Understanding a comment by Thurston In page 359 (right after Theorem 2.3) of the following paper
Thurston, William P., Three dimensional manifolds, Kleinian groups and hyperbolic geometry, Bull. Am. Math. Soc., New Ser. 6, 357-379 (1982). ZBL0496.57005.
W. Thurston states (and I quote) 

A hyperbolic structure on the interior of a compact manifold $M^3$ has finite volume if and only if $\partial M^3$ consists of tori, with the single exception of Example 2.1, which has no hyperbolic structure of finite volume. 

His example 2.1 is simply the product of the 2-torus by the closed interval, $M = \mathbb{T}^2\times I$.
What did Thurston had in mind when he stated that? Why did he left the solid torus $\mathbb{D}\times\mathbb{S}^1$ out of this, say, classification?
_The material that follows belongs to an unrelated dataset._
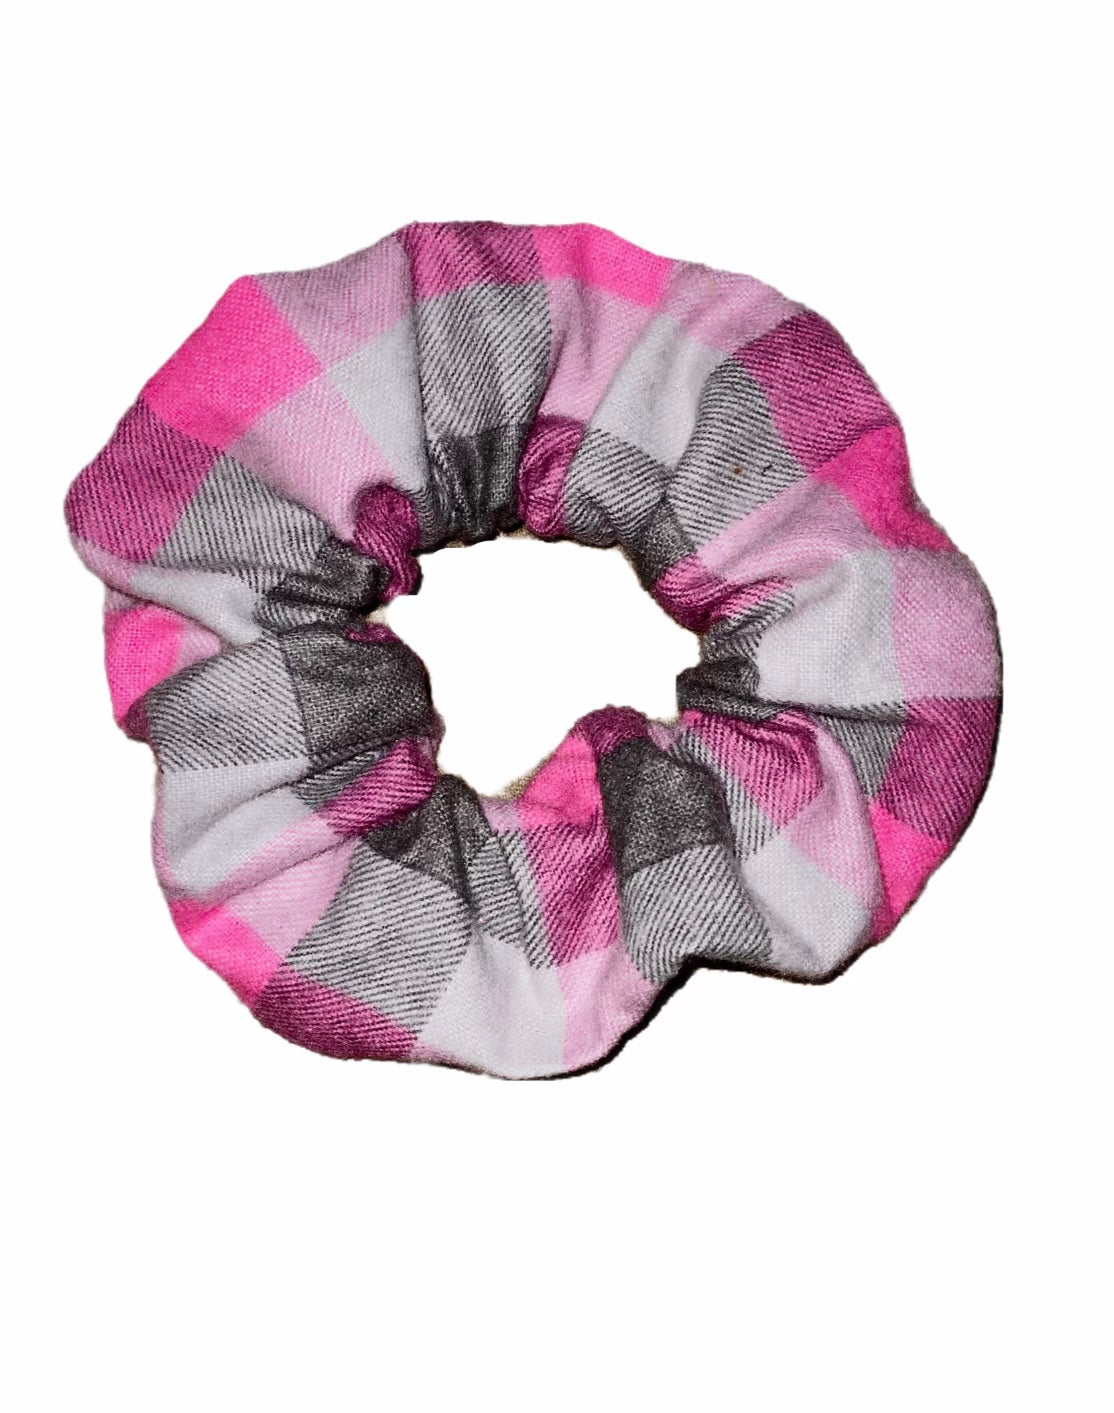 Tied Together Mountain Pink Plaid scrunchie

I ask that to understand if it was just a blunder or if he actually had a reason to exclude this case (which can be obviously obtained by the quotient $\mathbb{H}^3/\{\tau\}$, where $\tau$ is a parabolic translation in $\mathbb{H}^3$)?
 A: Just to close this question. Rather than trying to analyze what Thurston was thinking when writing the statement (which is impossible without help of an ouija  board) let me write the correction:

A (complete) hyperbolic structure on the interior of a compact (connected and oriented) manifold $M^3$ with incompressible boundary has finite volume if and only if $\partial M^3$ consists of tori, with the exception of $T^2\times I$. The latter admits no hyperbolic structure of finite volume. 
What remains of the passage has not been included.